An efficient, parallelized implementation of discrete particle/element model (DPM or DEM) coupled with the computational fluid dynamics (CFD) model has been developed. Two parallelization strategies are used to partly overcome the poor load balancing problem due to the heterogeneous particle distribution in space. Firstly at the coarse-grained level, the solution domain is decomposed into partitions using bisection algorithm to minimize the number of faces at the partition boundaries while keeping almost equal number of cells in each partition. The solution of the gas-phase governing equations is performed on these partitions. Particles and the solution of their dynamics are associated with partitions according to their hosting cells. This makes no data exchange between processors when calculating the hydrodynamic forces on particles. By introducing proper data mapping between partitions, the cell void fraction is calculated accurately even if a particle is shared by several partitions. Neighboring partitions are grouped by a gross evaluation before simulation, with each group having similar particle number. The computation task of a group of partitions is assigned to a compute node, which has multi-cores or multiprocessors with a shared memory. Each core or processor in a node takes the computation of the gas governing equations in one partition. Processors communicate and exchange data through Message Passing Interface (MPI) at this coarse-grained parallelism. Secondly, the multithreading technique is used to parallelize the computation of the dynamics of the particles in each partition. The number of compute threads is determined according to the number of particles in partitions and the number of cores in a compute node.

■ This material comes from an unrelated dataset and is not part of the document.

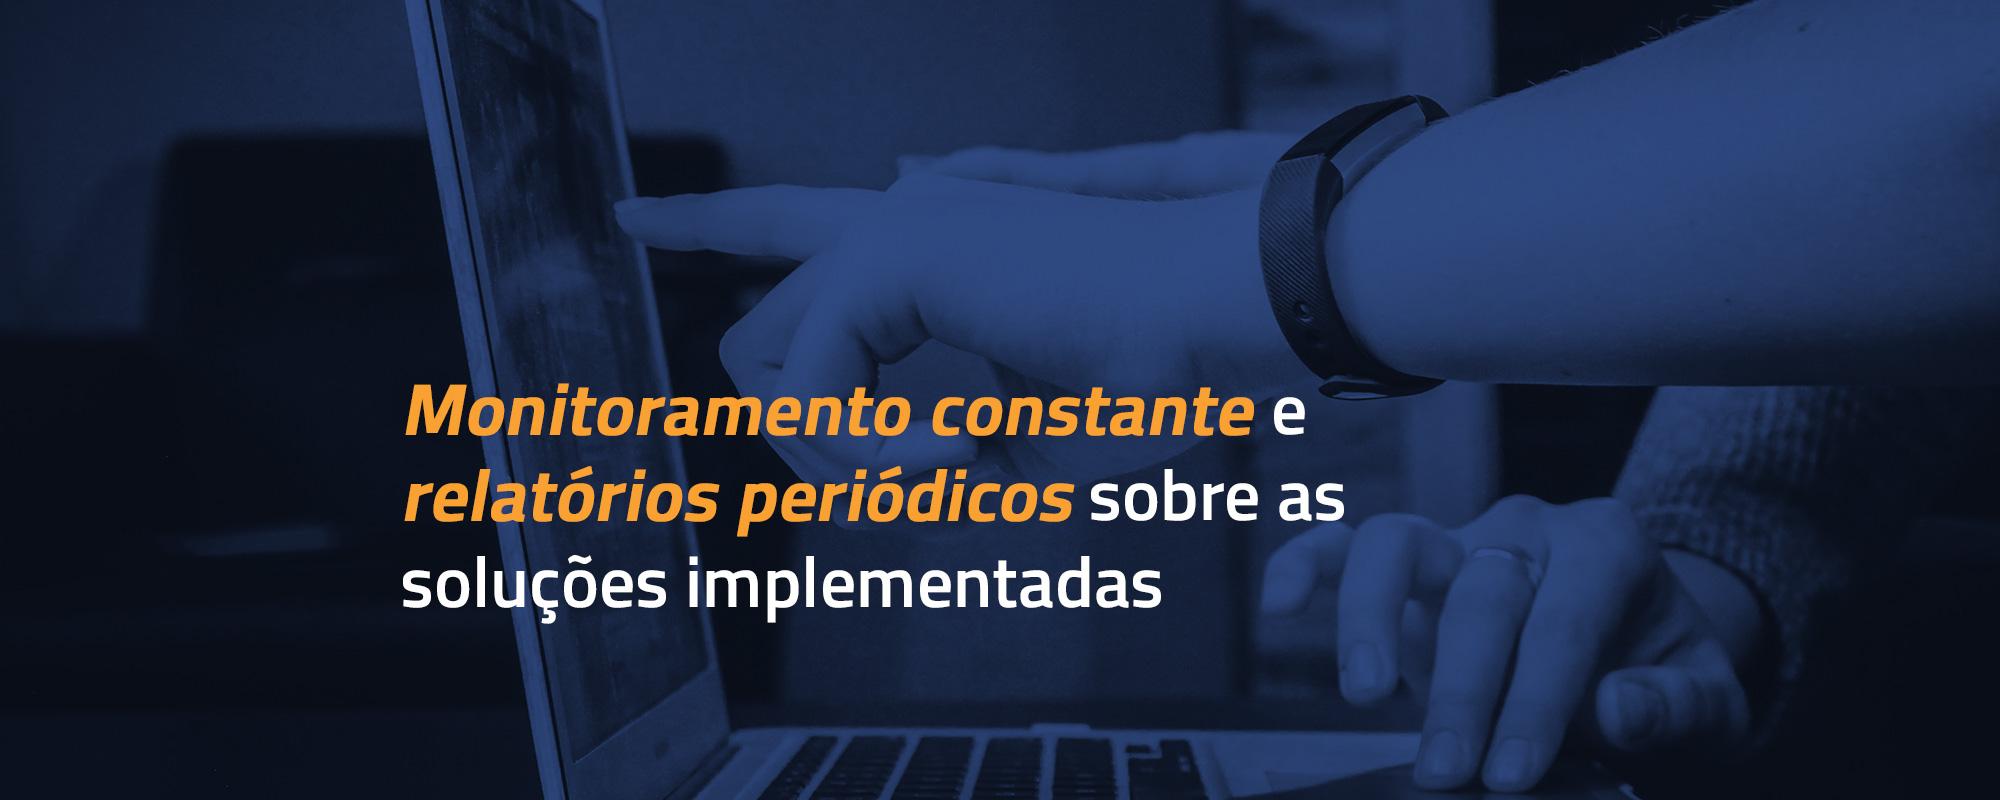 Inovar Telecom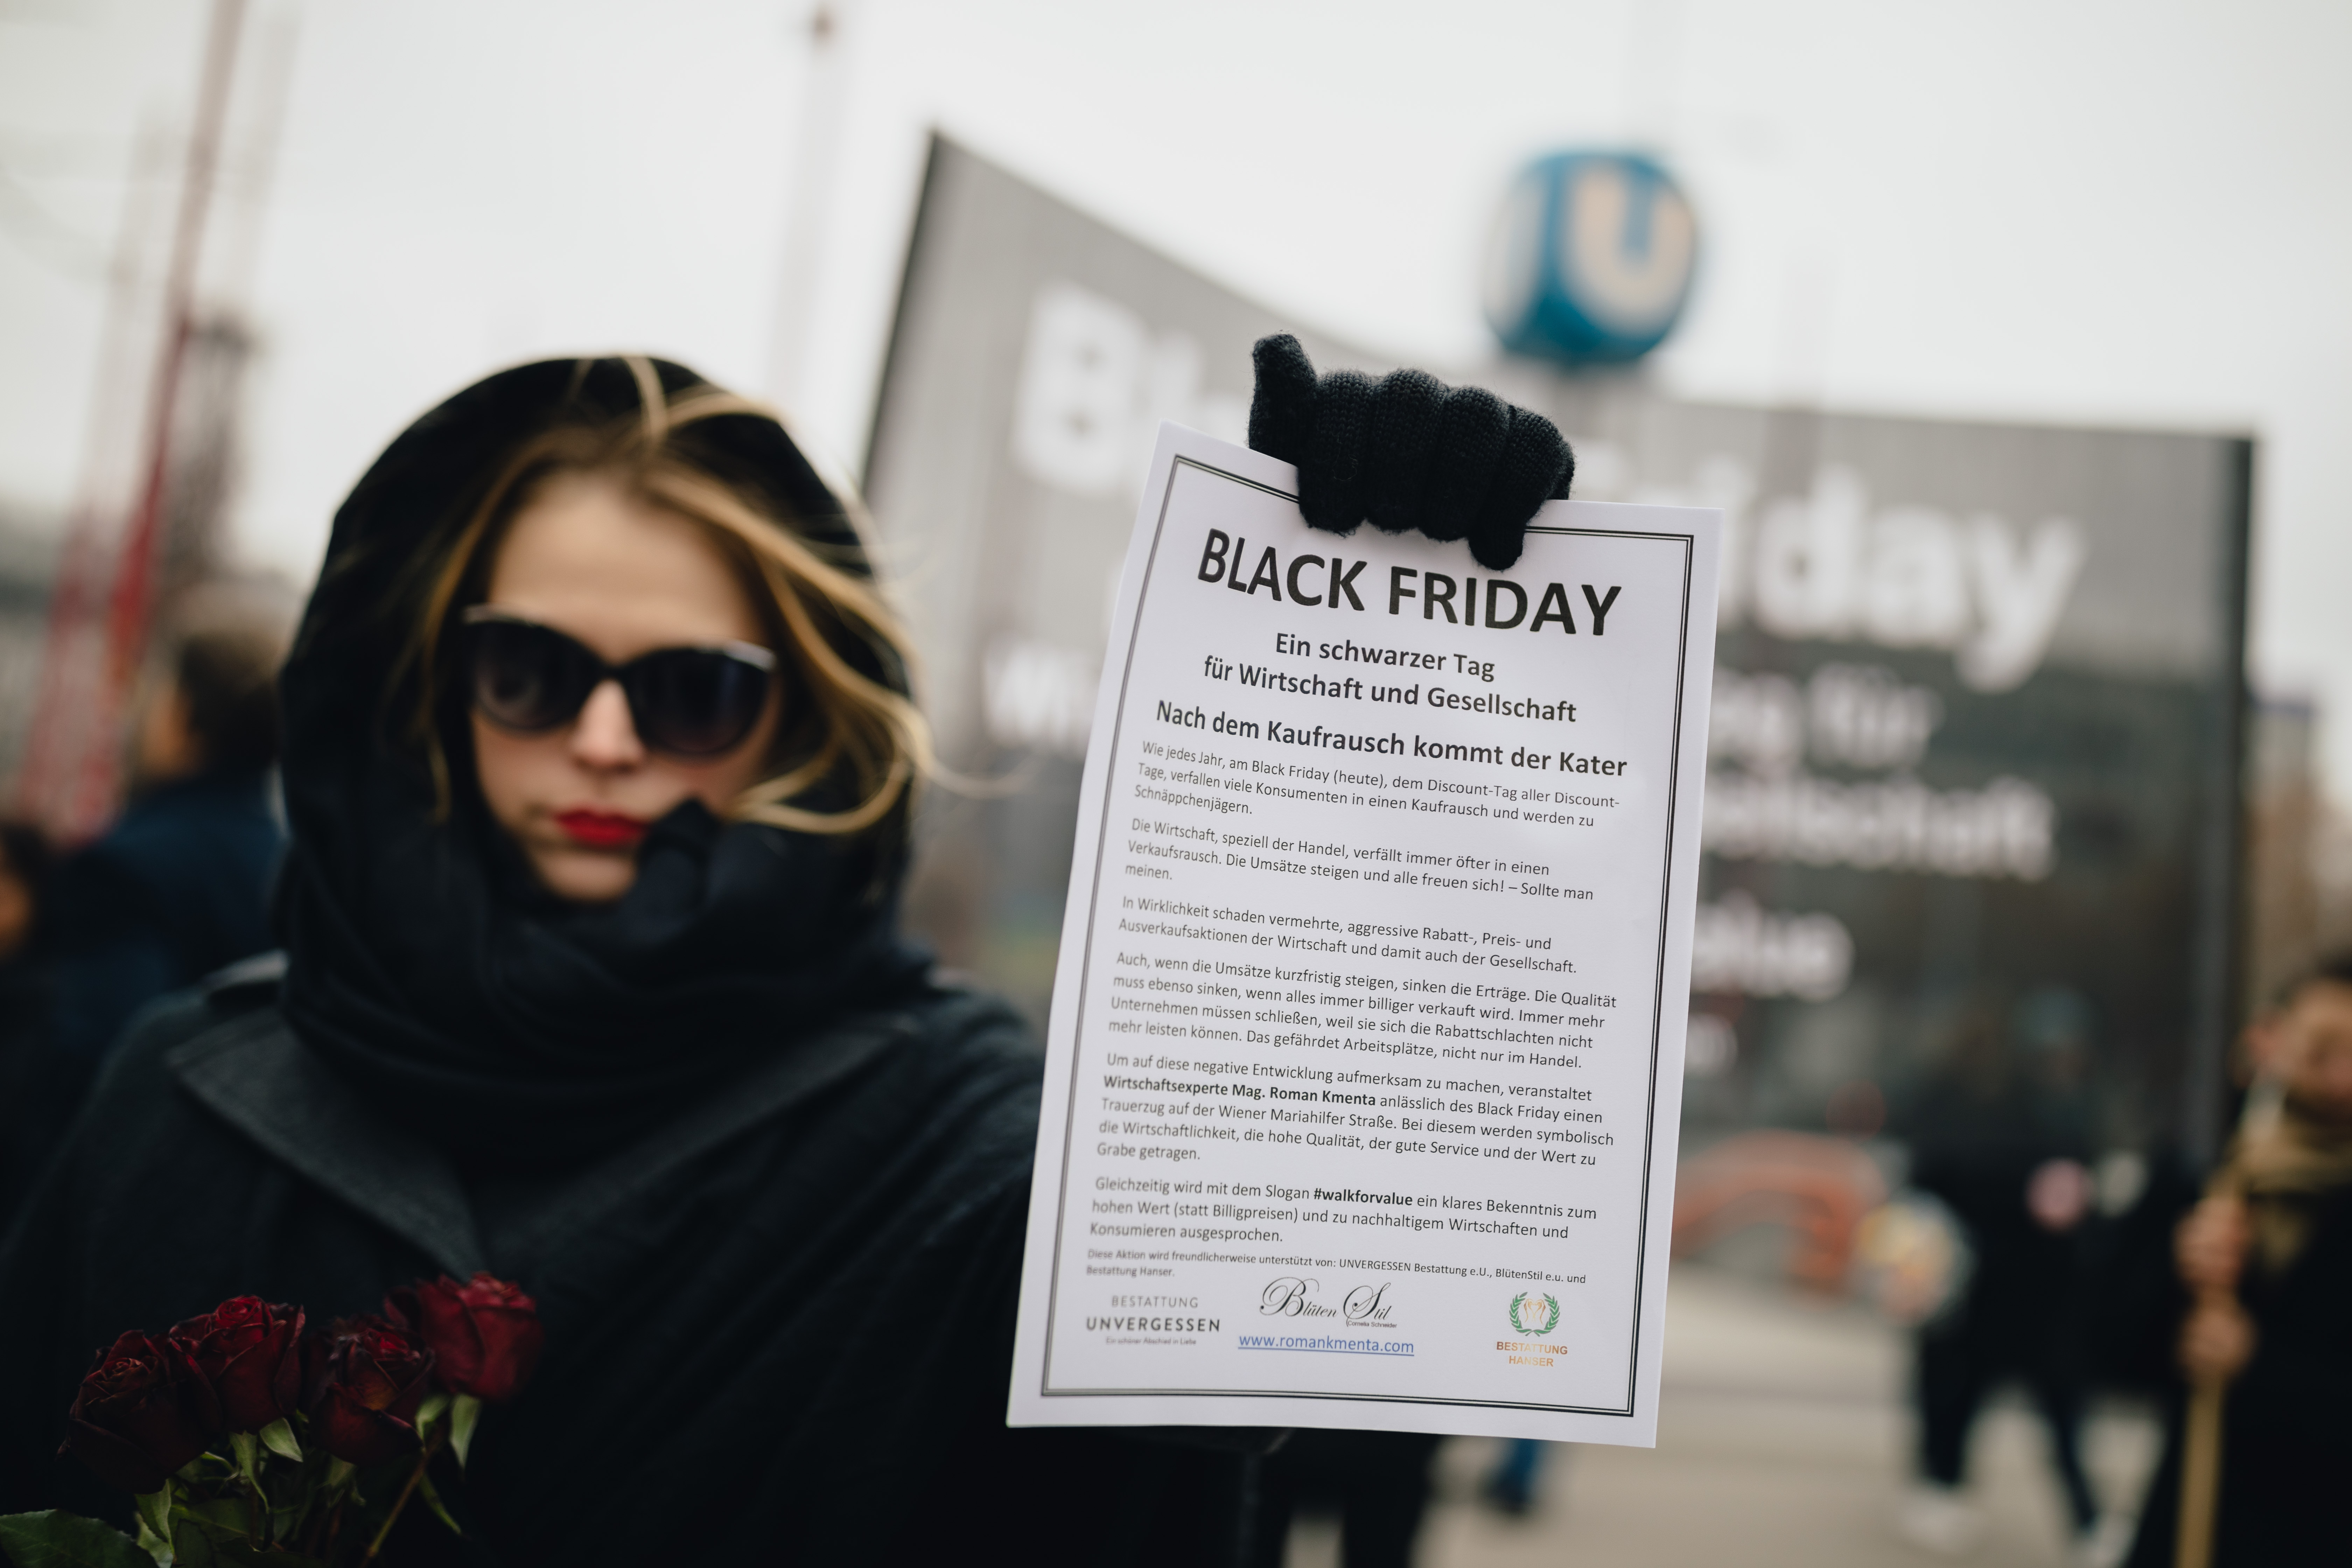 Trauerzug auf der Mariahilfer Straße - Mag. Roman Kmenta - Black Friday 2018

In such a way there is almost no waiting of the threads in a compute node. Since the particle numbers in all compute nodes are almost the same, the above strategy yields an efficient load balancing among compute nodes. Test numerical experiments on TeraGrid HPC cluster Queen Bee show that the developed code is efficient and scalable to simulate dense gas-solid flows with up to more than 10 millions of particles by 128 compute nodes. Bubbling in a middle-scale fluidized bed and granular Rayleigh-Taylor instability are well captured by the parallel code.

查看原文

微信好友朋友圈 QQ好友复制链接

本刊更多论文

非结构网格上致密气固流动的高效并行离散粒子模型

本文提出了一种高效、并行的离散粒子/单元模型(DPM或DEM)与计算流体力学(CFD)模型耦合的实现方法。采用两种并行化策略，在一定程度上克服了粒子空间分布不均匀导致的负载不均衡问题。首先，在粗粒度层面，采用等分算法将解域分解为多个分区，使分区边界处的面数最少，同时每个分区的单元数几乎相等;在这些分区上求解气相控制方程。粒子及其动力学解与它们的寄主细胞的分区有关。这使得在计算粒子上的流体动力时处理器之间没有数据交换。通过在分区之间引入适当的数据映射，即使一个粒子被几个分区共享，也能准确地计算出细胞的空隙率。模拟前对相邻分区进行总体评价分组，每组的粒子数相近。将一组分区的计算任务分配给具有共享内存的多核或多处理器的计算节点。节点中的每个核心或处理器在一个分区中计算气体控制方程。处理器在这种粗粒度并行性下通过消息传递接口(Message Passing Interface, MPI)进行通信和交换数据。其次，采用多线程技术并行计算各分区中粒子的动力学。计算线程数由分区中的粒子数和计算节点的核数决定。通过这种方式，计算节点中的线程几乎不需要等待。由于所有计算节点中的粒子数几乎相同，因此上述策略在计算节点之间产生了有效的负载平衡。在TeraGrid高性能计算集群蜂王上进行的测试数值实验表明，所开发的代码具有高效和可扩展性，可以通过128个计算节点模拟多达1000万个粒子的密集气固流动。并行程序较好地捕捉了中等规模流化床中的冒泡现象和颗粒状的瑞利-泰勒不稳定性。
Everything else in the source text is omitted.